Gomes (1994) com base em Minayo (1992) aponta três finalidades para essa etapa (análise), que são elas: estabelecer uma compreensão dos dados coletados, confirmar ou não os pressupostos da pesquisa e/ou responder às questões formuladas, e ampliar o conhecimento sobre o assunto pesquisado articulando-o ao contexto cultural da qual faz parte. Cabe esclarecer que é justamente o que esta pesquisa busca ao optar em realizar a análise do conteúdo como técnica/método com finalidade de criar dispositivos de educação em saúde, e cuidado e acolhimento às primigestas que realizam o pré-natal no ambulatório da Maternidade Escola.

6.1.1. Local da Pesquisa: Breve Histórico

Figura 1 - Maternidade Escola da Universidade Federal do Rio De Janeiro


Fonte: Maternidade Escola (2015)

A Maternidade de Laranjeiras, como é popularmente conhecida a atual Maternidade-Escola da Universidade Federal do Rio de Janeiro (ME/UFRJ), foi criada pelo Decreto n. 5.117, de 18 de janeiro de 1904. A sua finalidade principal era, então, a de assistir às gestantes e às crianças recém-nascidas das classes menos favorecidas.
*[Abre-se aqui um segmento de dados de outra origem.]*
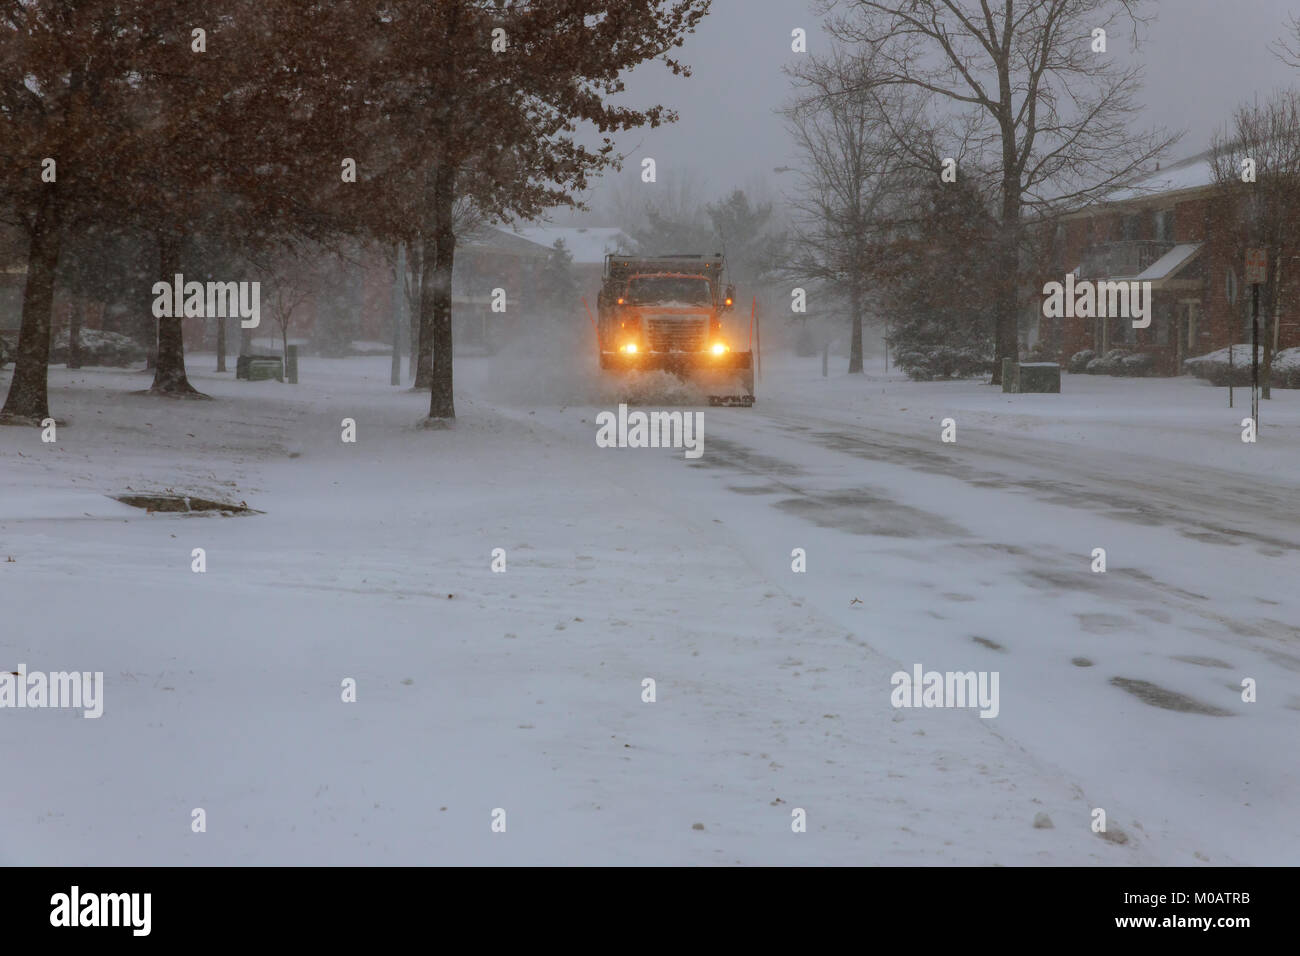 Schneepflug, Schnee entfernen Traktor Stockfotografie - Alamy

Sua importância no ensino da Obstetrícia, no Brasil, foi base para a formação dos cursos de pós-graduação em níveis de mestrado e de doutorado em 1974.

A Maternidade Escola da Universidade Federal do Rio de Janeiro ampliou o seu leque de atuação ao longo do século, com a incorporação das novas tecnologias à medicina e o surgimento das novas especialidades. A obstetrícia, especialidade médica inicial da instituição, se uniu a pediatria, mais especificamente a neonatologia, tendo atualmente uma assistência perinatal, com a participação de profissionais médicos e outros profissionais da área de saúde. A Maternidade Escola presta assistência integral à saúde da mulher e da criança, com perfil multiprofissional, recebendo alunos dos cursos de graduação em medicina, enfermagem, nutrição, serviço social, psicologia, fonoaudiologia, fisioterapia e saúde coletiva. Possui programas de residência médica e multiprofissional, programas de pós-graduação lato sensu e stricto sensu com atividades de pesquisa vinculadas aos referidos programas. Tais ações integram a missão institucional: assistência de qualidade à saúde materno-infantil, formação profissional, atividades de pesquisa e inovação tecnológica.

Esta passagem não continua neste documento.